Furthermore, this makes it possible to operate two magnetrons arranged in parallel in the dual magnetron sputtering mode, in which the two magnetrons are operated in opposite directions with alternating voltage so that each magnetron is alternately cathode and anode and always one of the two magnetrons is anode, when the other magnetron is cathode. As a result, a self-cleaning effect of the magnetrons is achieved, in particular in the reactive deposition of non-conductive layers.

In a further embodiment, it is provided that between two adjacent arranged in a plane sputter magnetrons a perpendicular to this plane aligned aperture is arranged.

In particular, in the event that two or more sputtering magnetrons are provided which have different target materials, the arrangement of the diaphragm between two adjacent sputtering magnetrons prevents the mixing of the different target materials.

In a further embodiment, it is provided that the diaphragm is electrically conductively connected to at least one anode.

This ensures that the aperture itself acts as an anode.

Furthermore, a vacuum coating system is proposed to achieve the object, comprising at least one evacuated from chamber walls evacuated process chamber with a substrate treatment device, wherein the substrate treatment device comprises at least one sputter coating device of the type described above, the mounting flange is attached to a mounting opening of a chamber wall.

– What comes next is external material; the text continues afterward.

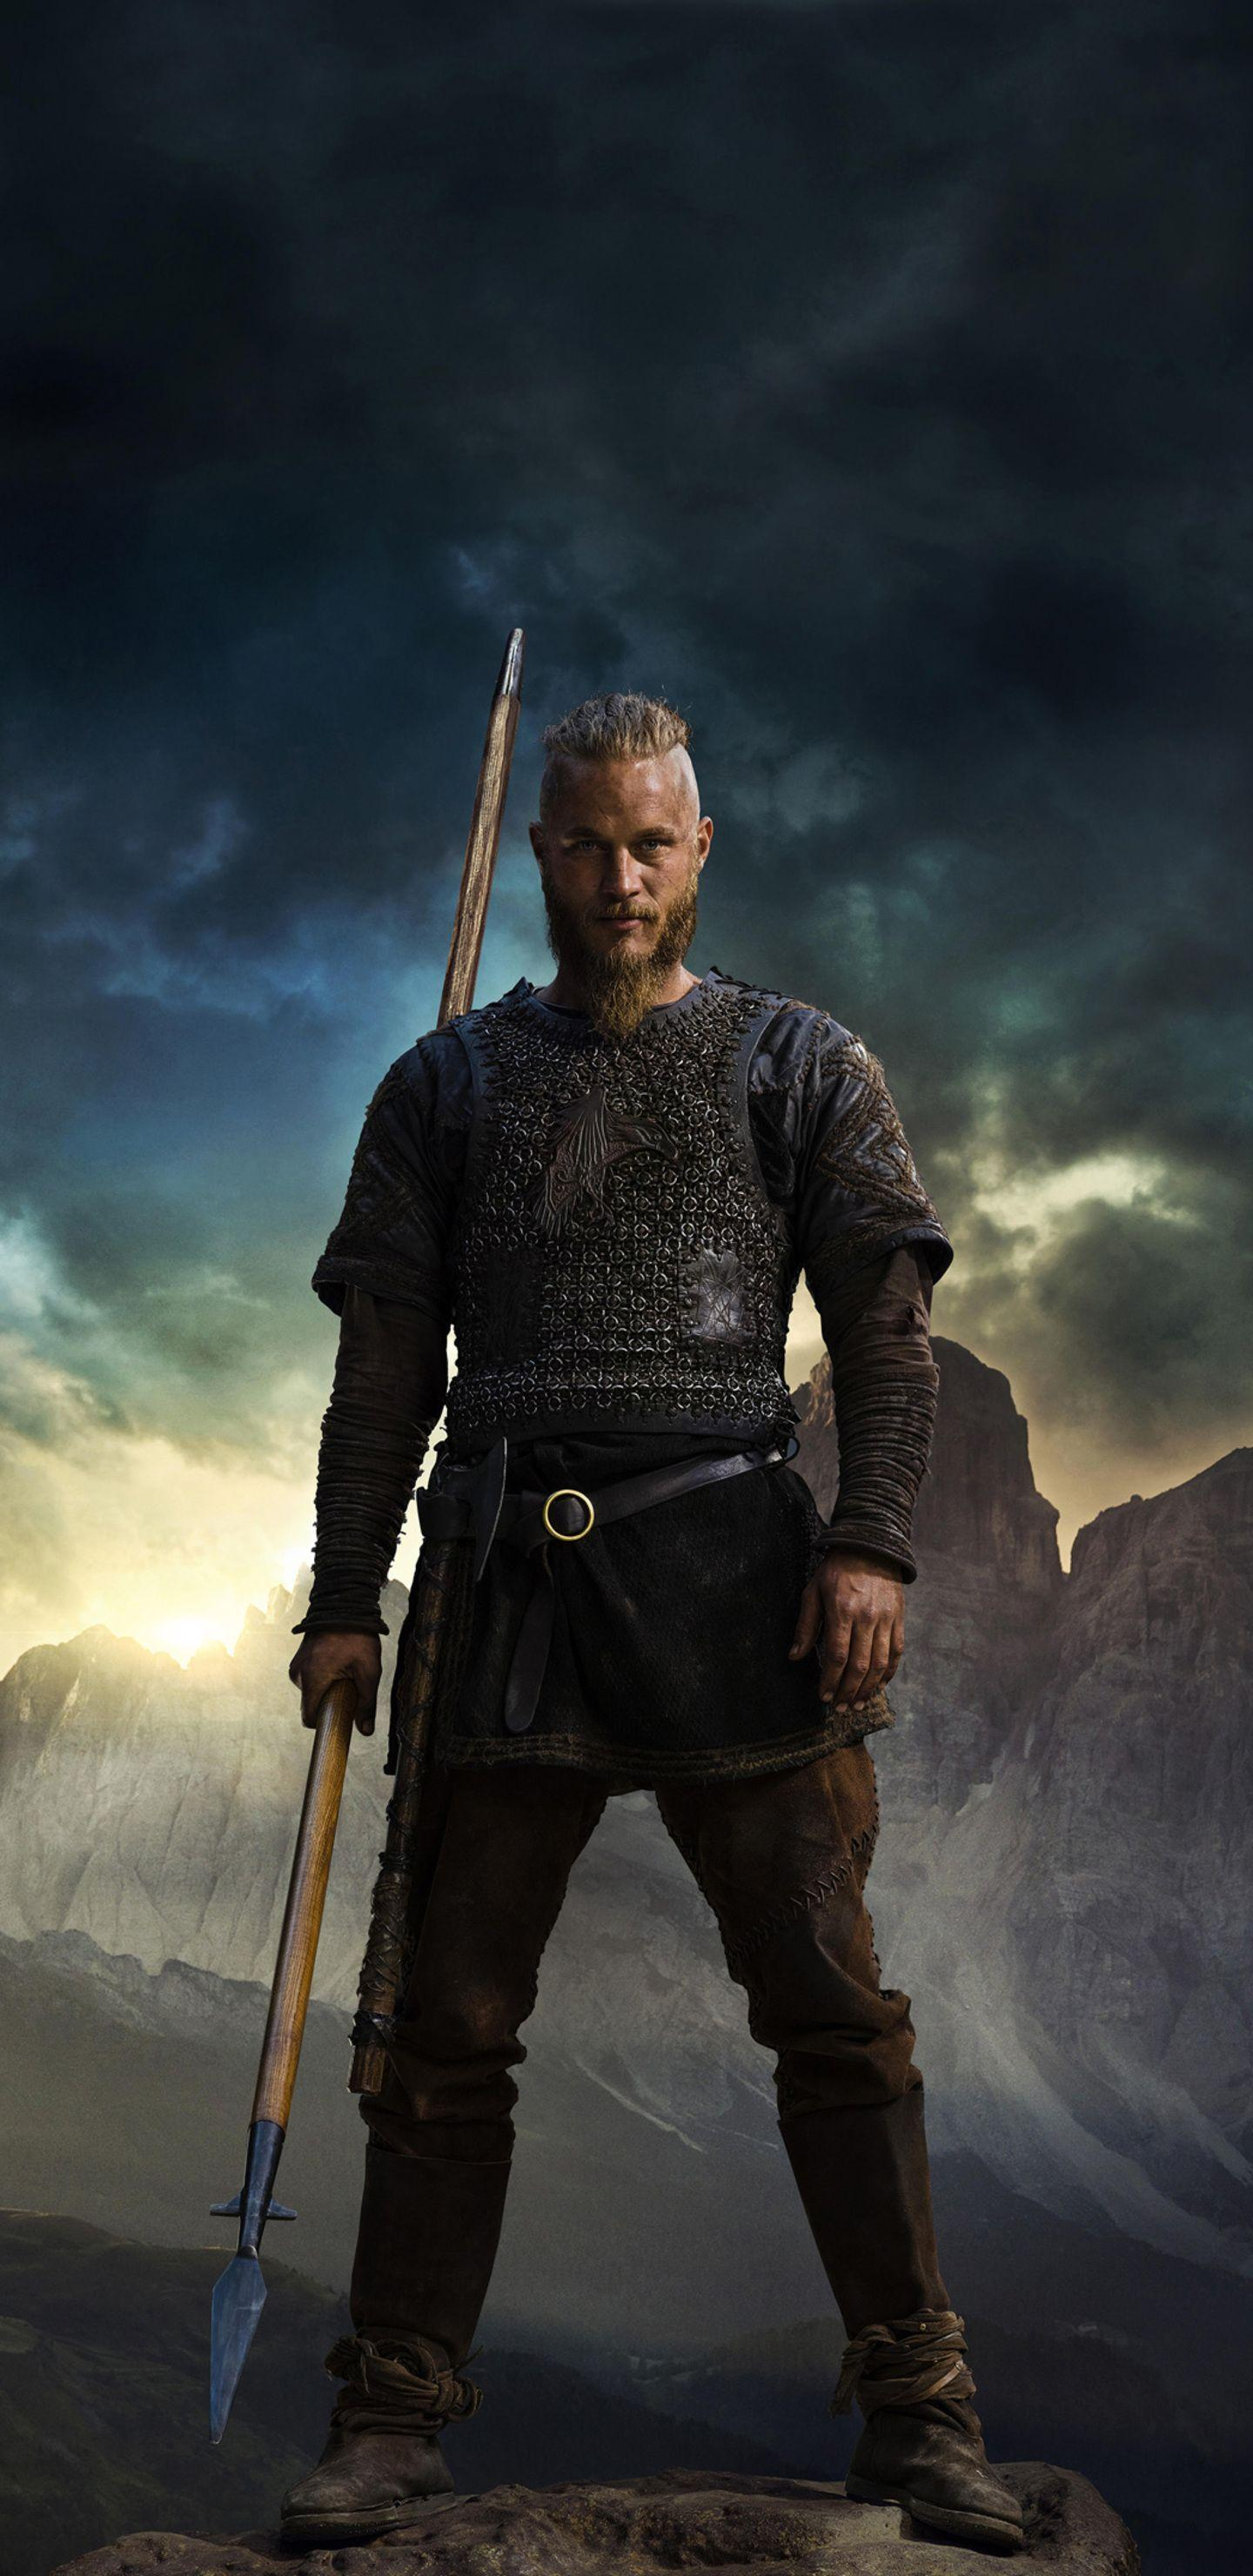 Un fond d'écran futura à télécharger. Vikings Ragnar Wallpapers Wallpaper Cave

For example, a plurality of the sputter coating devices described may be secured with their respective mounting flange to the chamber wall and arranged so that the Sputtermagnetrons the sputter coating devices are arranged at a small distance from the surface of a arranged in the process chamber, rotatably mounted cooling roller, i. the sputter coating devices are distributed over the lateral surface of the cooling roller.

Such configurations are particularly useful for coil coating equipment in which a belt-shaped substrate, such as a plastic film or strip, is provided on an unwind, passed around the chill roll in the nip between the chill roll and sputter magnetrons of the sputter coating devices, and then coated a take-up is wound. Winding and unwinding can be arranged in the process chamber or in a common reel chamber or two separate reel chambers which communicates with the process chamber communicating or are that the substrate of the or a reel chamber in the process chamber and from the process chamber in the or a reel can be transported. For this purpose, can be arranged in the process chamber and, if available, in the reel or the reeling sprockets to direct the belt-shaped substrate from the unwinding to the cooling roller and from the cooling roller to the take-up.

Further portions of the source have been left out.